How to Advance Your Career in the Cybersecurity Field

Mike Privette
4 min readJun 4, 2021

Originally based on this Twitter thread:

https://twitter.com/mikepsecuritee/status/1308769654379347968

tl;dr:

  1. Figure out for yourself what “advancement” means (i.e., more money, better title, more challenging problems to solve, etc.)
  2. Market yourself and ask others for help to achieve what you want
  3. Build a brand an audience around #1 and #2

About Me

I’ve spent more than 15 years operating in, building, and leading cybersecurity programs at several Fortune 500 companies in the Financial Services and Insurance industries. At the time of writing this, I was also the founder of Fraction Consulting which was acquired by Defiance Ventures.

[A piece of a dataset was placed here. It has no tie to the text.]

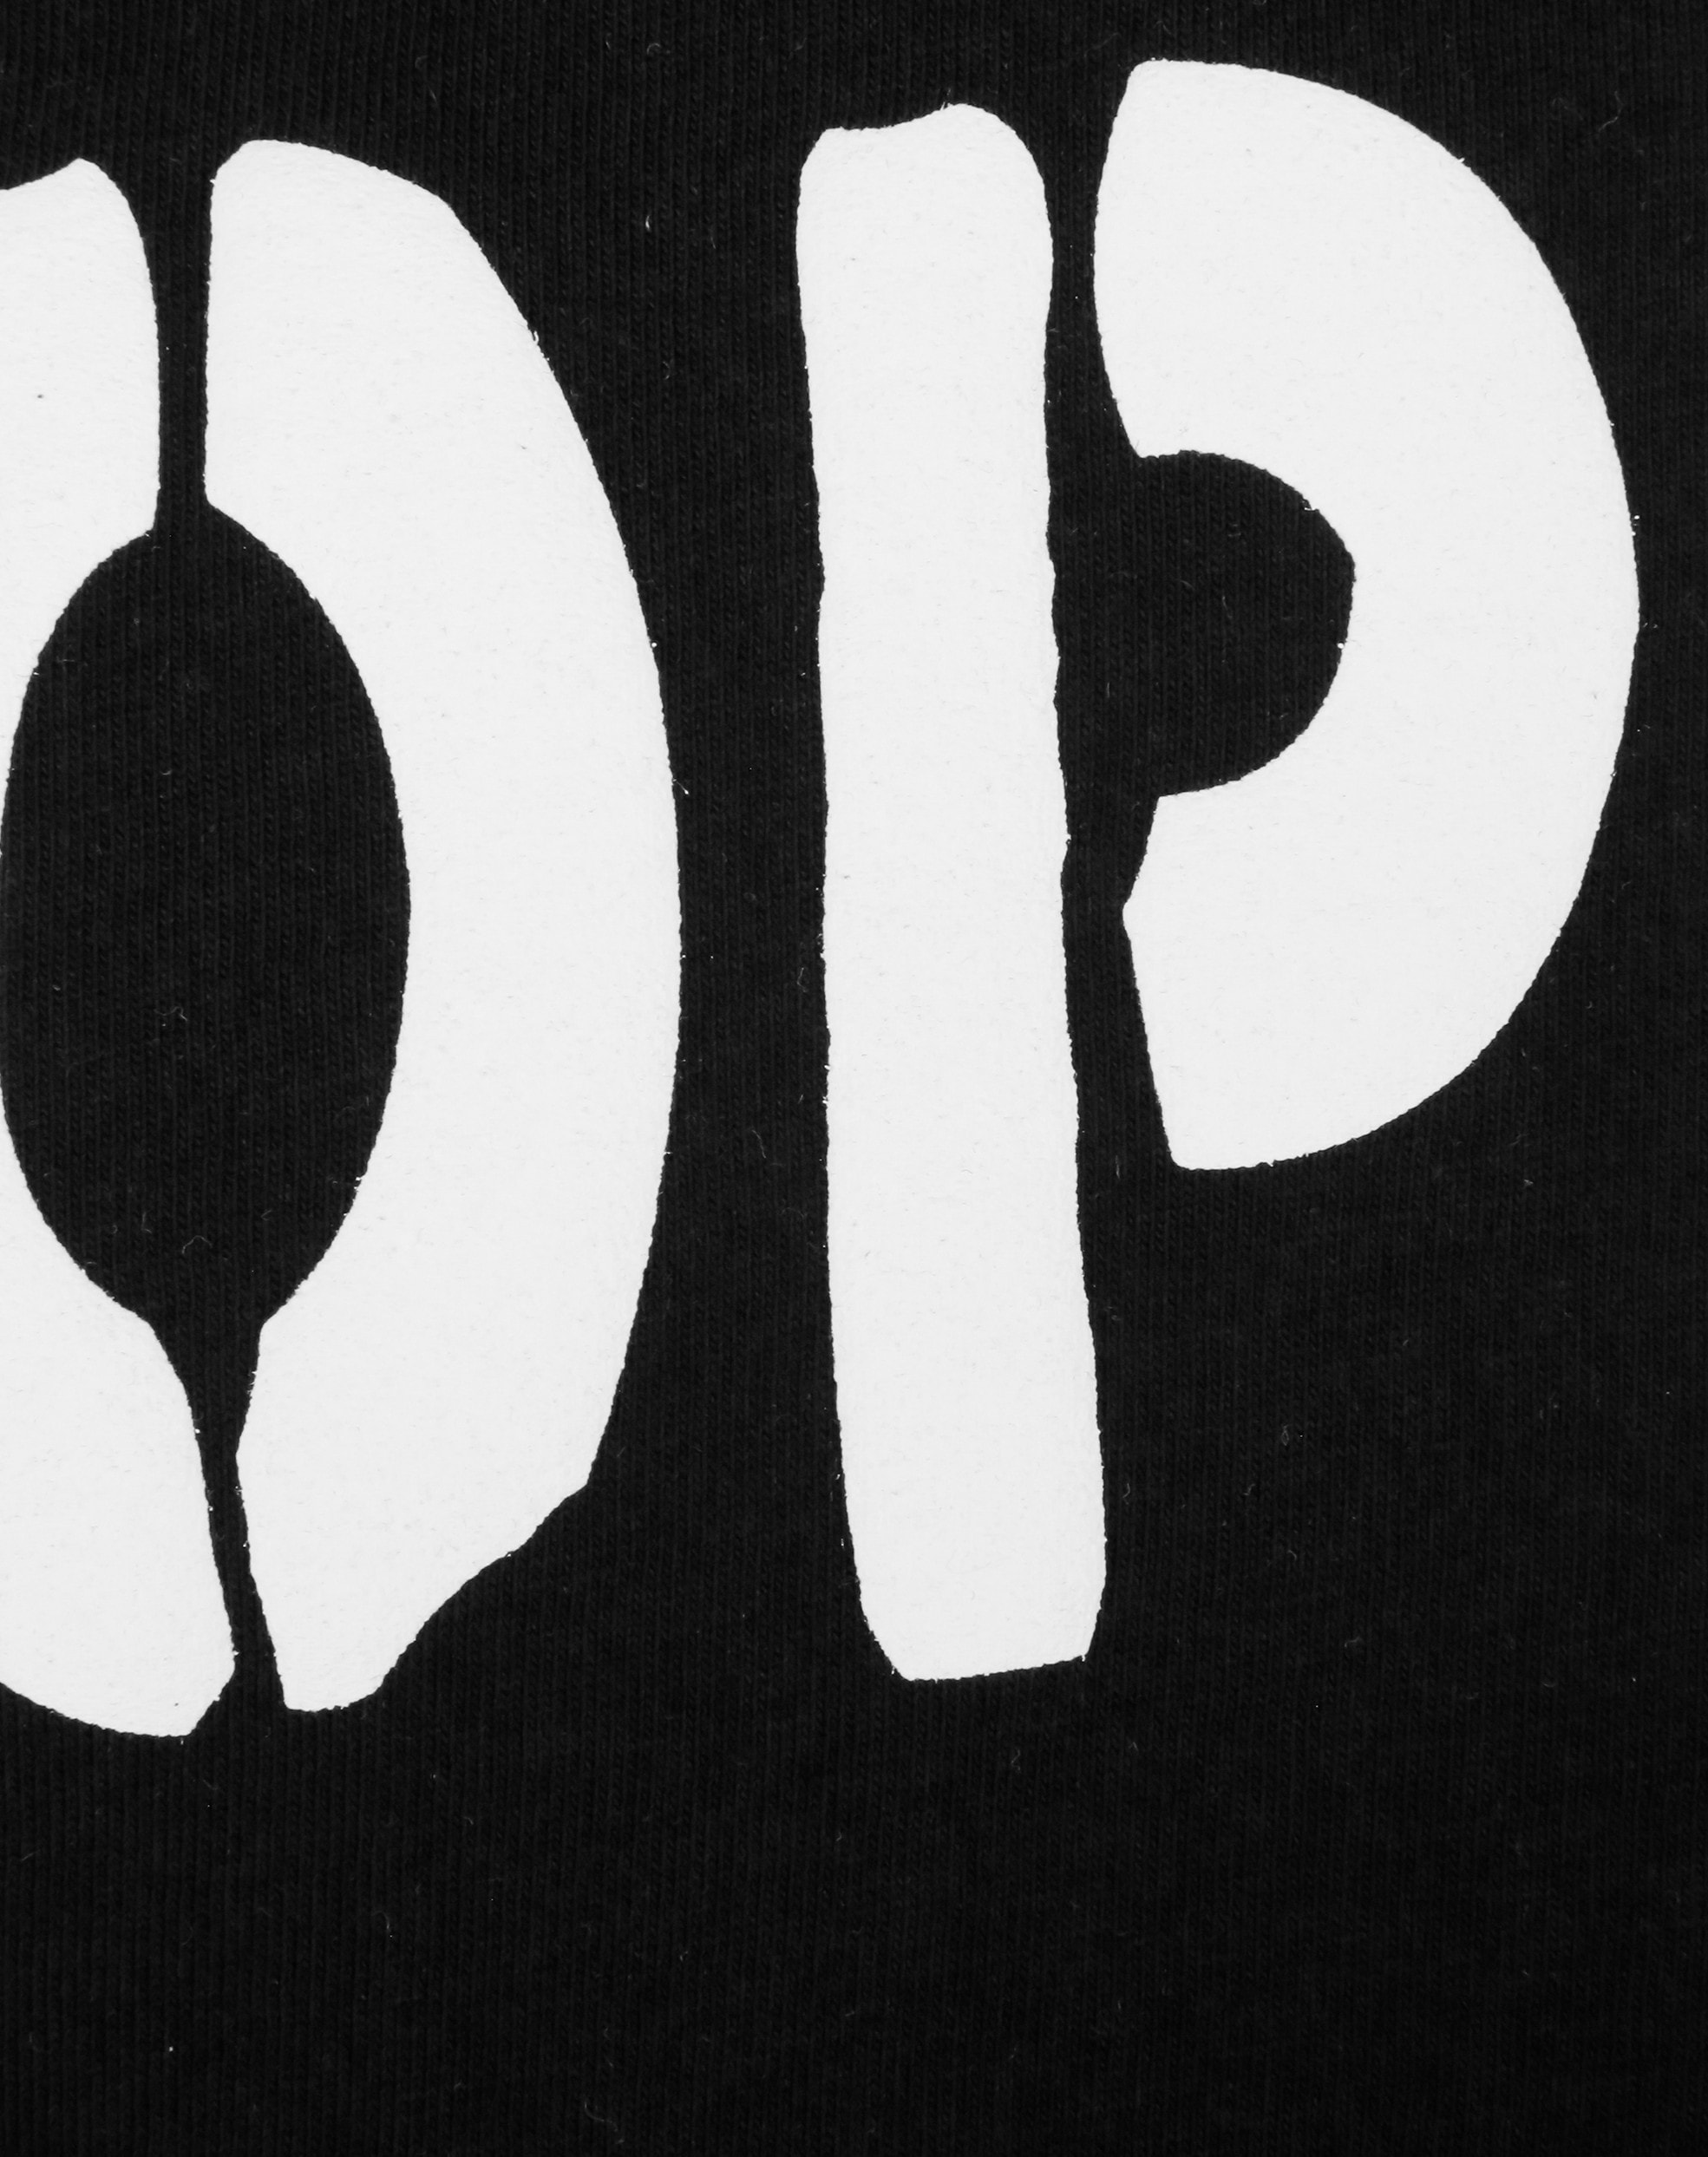 TOP GUN T-Shirt »T-Shirt TG20212016«

I built out Fraction Consulting by doing fractional CTO/CISO gigs and research and investment advisory for private capital firms. As a result of my background, I often get asked the following question:

“How do I advance my career in the cybersecurity field?” Here are the three steps I advise people to take:

Step 1

Figure out what “advancement” means to you.

Is it just more money (money is great, don’t get me wrong), or is it more responsibility, more autonomy, more respect?

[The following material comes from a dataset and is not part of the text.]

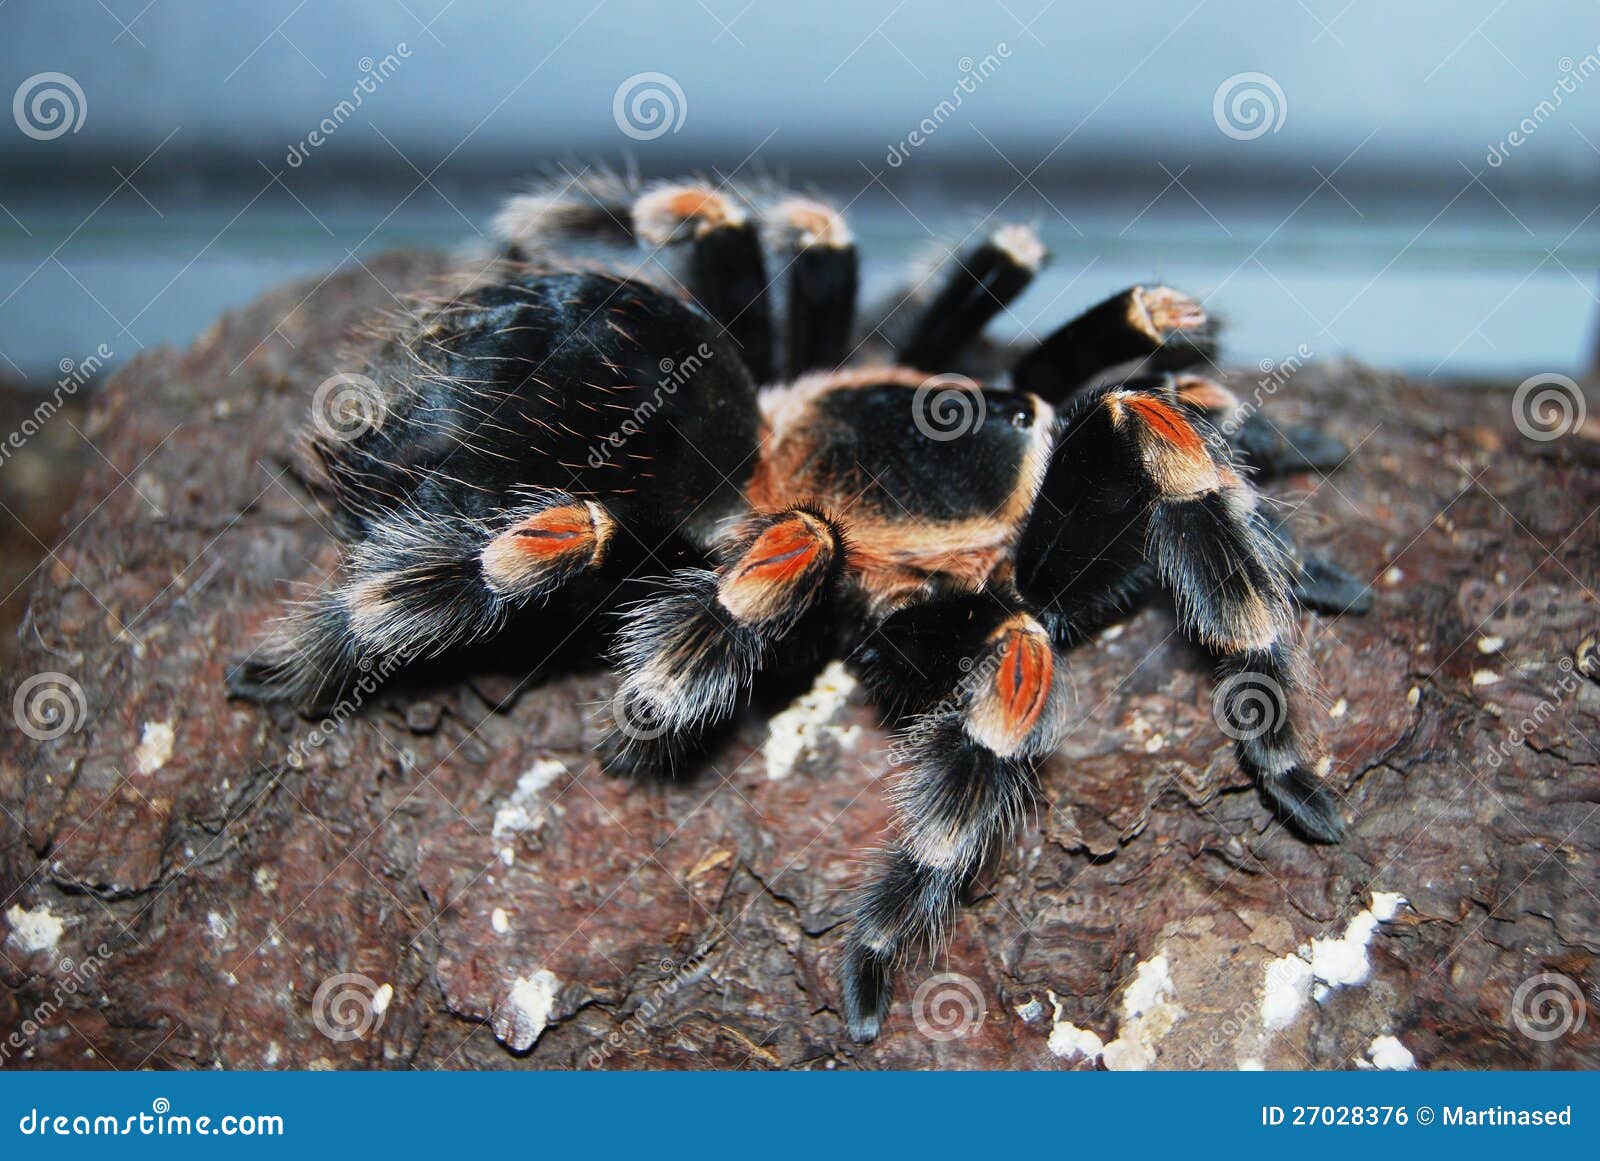 Brachypelma Smithi Mexican Redknee Stock Photo - Image of tarantulas ...

Early in your career, you end up getting all of those things as you move from Jr analyst/engineer/operator into more senior-level roles, but you need to consider the path you want to take a few jobs/roles out.

Is becoming a security architect the goal? Do you want to remain very deep and technical and go the lead/principal engineer route? Do you want to lead people eventually?

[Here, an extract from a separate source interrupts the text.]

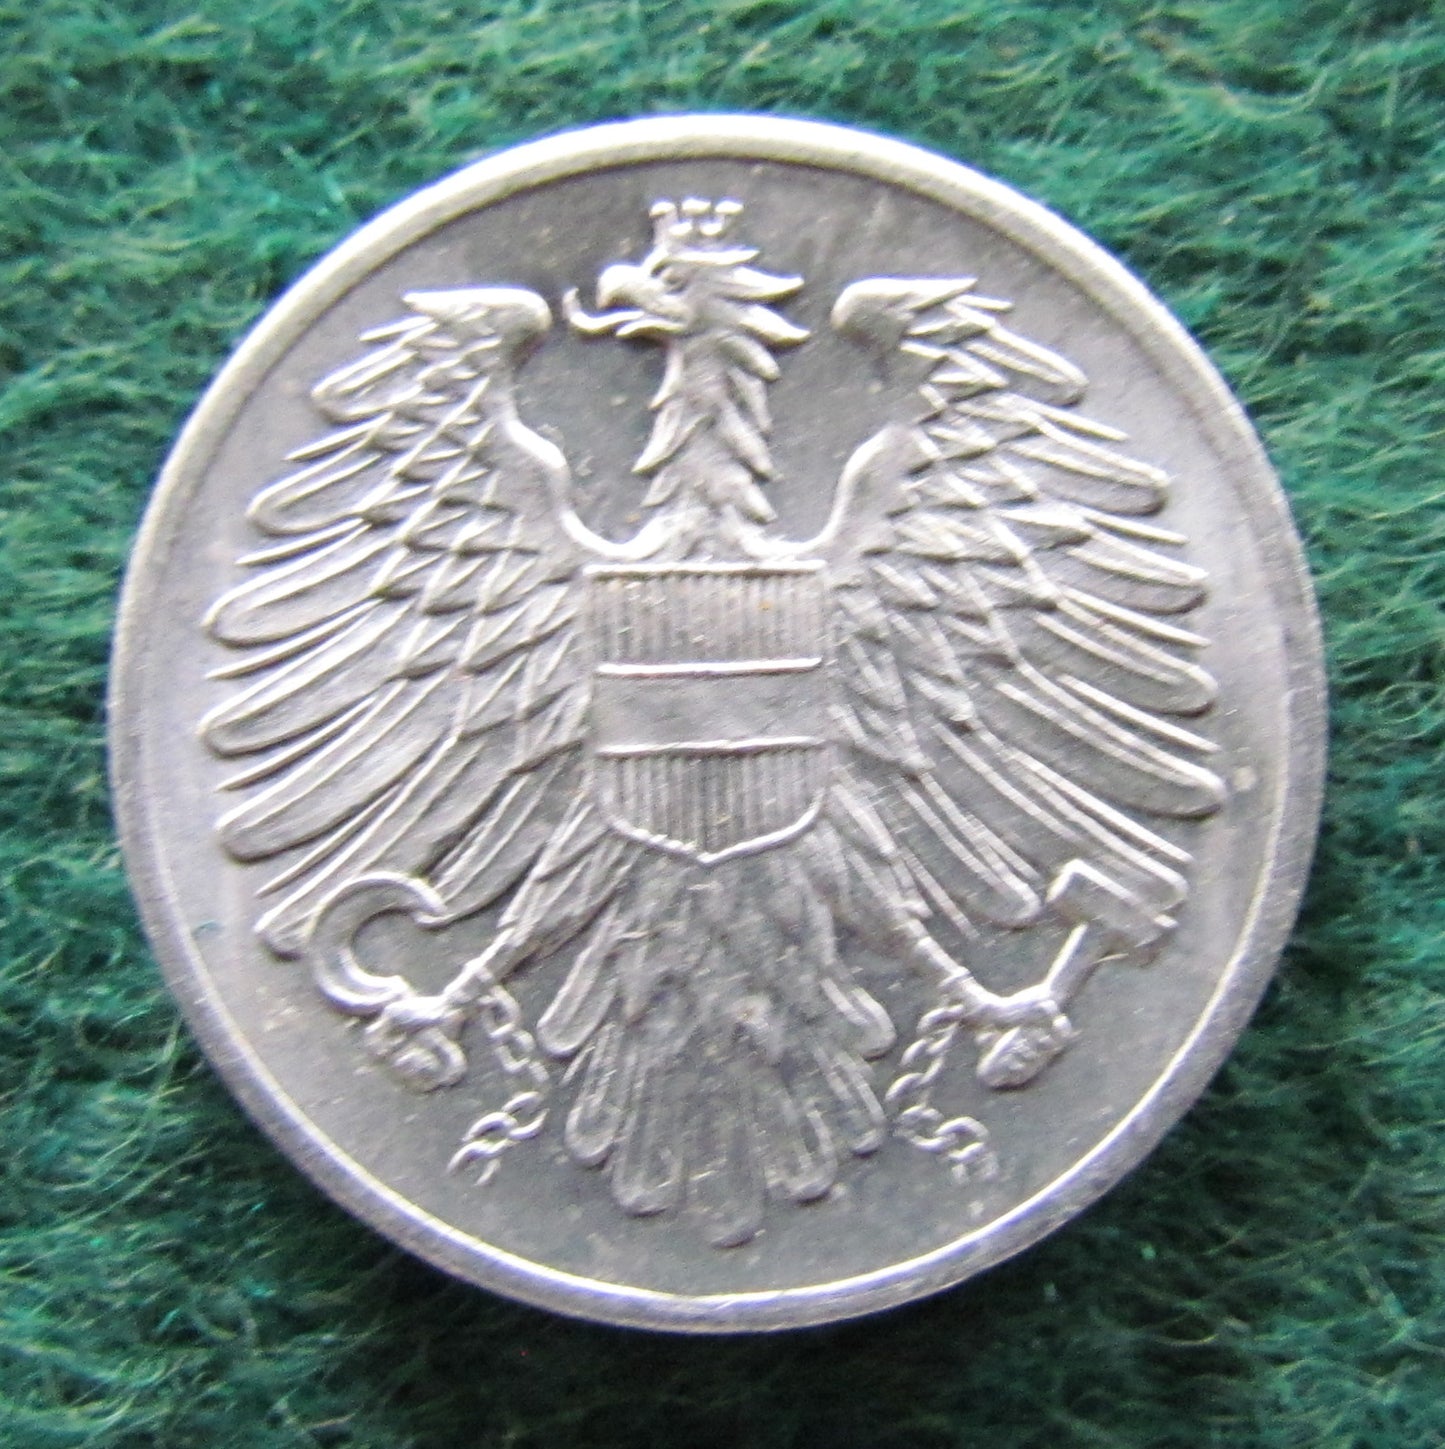 Austria 1962 2 Groschen Coin

Think about how you work and problem solve. Do you like being the one with the answers, or do you like getting people and teams together to get the answers?

Do you want to specialize in a particular area or technology stack, or do you want to be a generalist?

All of these questions are to help people reflect inwardly and think through what they want to do. Once you’ve wrestled with those concepts, you can move on to step 2.

Step 2

Now that you have a better idea or concepts on what you want to do, you can start your personal marketing and hype plan.

If you don’t market yourself, then no one else will do it for you.

Having a personal marketing and hype plan will help you think about career progression.

So, you want to be an architect, a manager, or a CISO one day? How will you get the right skills and market yourself to get you there?

Look at what is true and what you have (your current job), look at what you want (future roles/jobs), and then plan out how you will close those gaps.

Making your intentions known to anyone and everyone who will listen to you is a critical piece of the personal marketing and hype plan often overlooked.

You can’t expect people to read your mind to know what you want, and you can’t get mad when they don’t help you with something you haven’t communicated.

All career interactions are “selling points.”

You sell yourself on the job interview; you sell your point of view in that meeting for the next direction to go in the project, you sell why something is riskier than it sounds on paper.

OK, that’s all great, but how do you really advance, especially in the corporate world in cybersecurity? That’s step 3.

Step 3

Build an audience in AND outside of your sphere of control and sphere of influence.

You want people outside of the cybersecurity group at your company to know of you and what you can bring to the table and help them do.

Cybersecurity is just another method of effectively enabling the business to do what it was meant to do — sell products/services to customers.

Security is about business enablement first.

You want someone from the engineering group or that business unit to tell your boss how helpful you were in achieving what they needed safely and securely.

You want the CTO to comment to the CISO on how you have helped them out. You want the developers and engineers in IT to be excited when you’re at the table and helping them solve their problems AND be secure.

Building the audience builds your value and shows you know how to think and operate on a broader scale. The scale always gets broader as you advance, and you can start showing this to let people know you are ready for that next level.

Closing Thoughts

This playbook is a process you should often revisit as you move roles/companies, as new interests come up, and as you move through different phases of your life.

Take active control of this approach, and don’t wait for things to happen to you. Make this happen for yourself.

Nothing is guaranteed, but this is the playbook that has helped me so far, and I’m always refining it. Now, take this playbook and make it your own.